L’annulation de l’exposition de « Salvator Mundi » au Louvre Abu Dhabi a de nouveau soulevé des doutes sur son authenticité. Certains spécialistes soupçonnent que le nouveau propriétaire a peur de la recherche exacte de son auteur, ce qui dévaloriserait l’oeuvre. La restauration est en effet tellement importante qu’elle divise les experts à l’instar de Carmen Bambach, conservatrice au Met, qui y voit plutôt la main de Giovanni Boltraffio, un élève de Vinci, relate Les Echos. On dit aussi que Modestini a restauré le tableau avec un tel zèle que c’est autant son oeuvre que celle de Léonard de Vinci. « Des affirmations ridicules », déclare-t-elle.

Rumeurs

L’acheteur de la vente aux enchères de New York s’est révélé être un membre obscur d’une branche lointaine de la famille royale saoudienne. Il n’est pas connu comme un homme riche et n’a pas d’antécédents en tant que collectionneur d’art. Mais c’est un bon ami et confident du prince Mohammed bin Salman. Quelques mois après la vente aux enchères, la cour royale l’a nommé premier ministre saoudien de la culture.

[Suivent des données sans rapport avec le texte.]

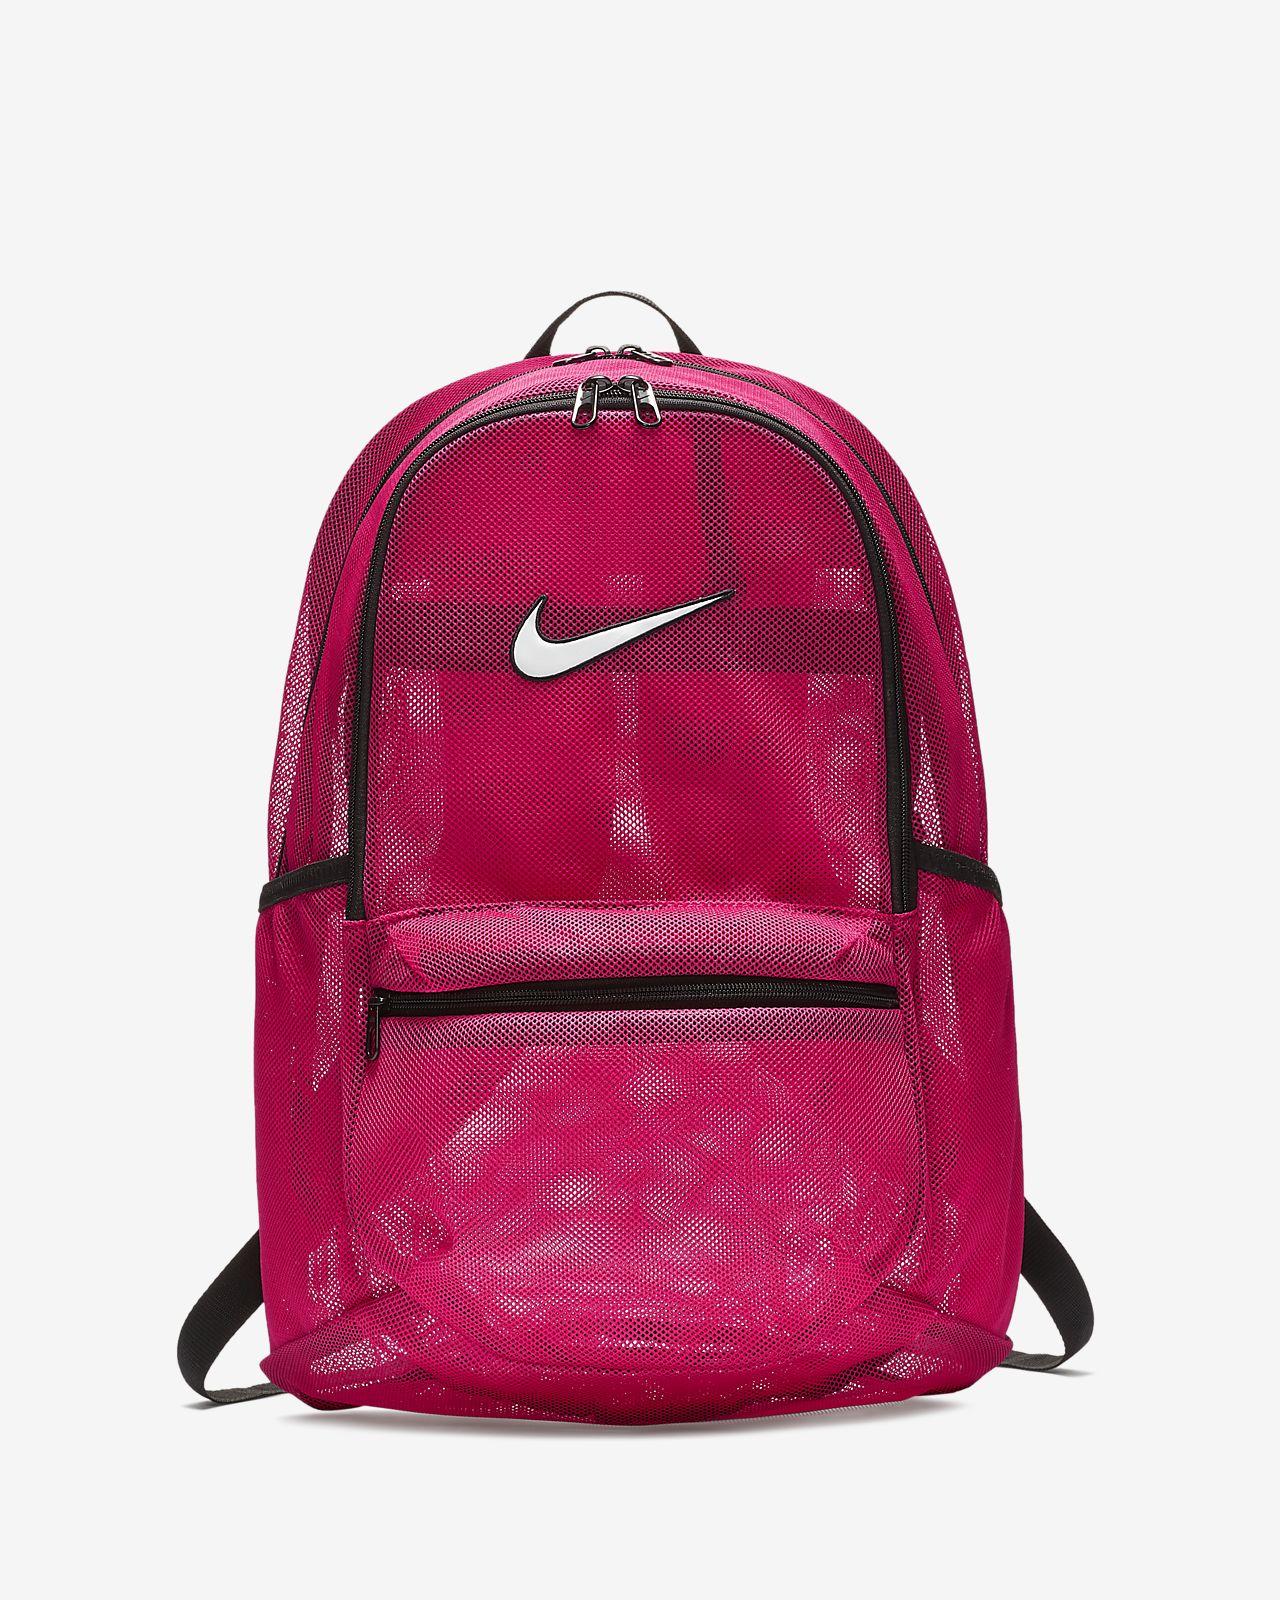 12a431daa Low Resolution Nike Brasilia Mesh Training Backpack Nike Brasilia Mesh  Training Backpack

Pendant la vente aux enchères, Christie’s a fait tout son possible pour garder l’identité de l’acheteur secrète. Seules quelques personnes ont eu le droit de connaître son identité. Les contrats et la correspondance que le New York Times a réussi à obtenir prouvent que le prince Bader était le soumissionnaire anonyme. Et d’après des responsables américains bien informés, il a agi comme un homme de paille pour le prince héritier Bin Salman lui-même, le véritable acquéreur de « Salvator Mundi », détaille De Morgen.

Le monde de l’art grouille encore plus de rumeurs sur le sort de « Salvator Mundi ». Selon un initié, il a été transféré en Europe après la vente aux enchères. Modestini a appris par un restaurateur de renom qu’une compagnie d’assurance zurichoise lui avait demandé l’automne dernier d’enquêter sur ce tableau. Mais cette enquête n’a pas abouti et l’expert n’a pas fait de commentaires. « Depuis l’automne, dit Modestini, plus personne ne semble savoir où est Salvator Mundi. » L’énigme reste entière.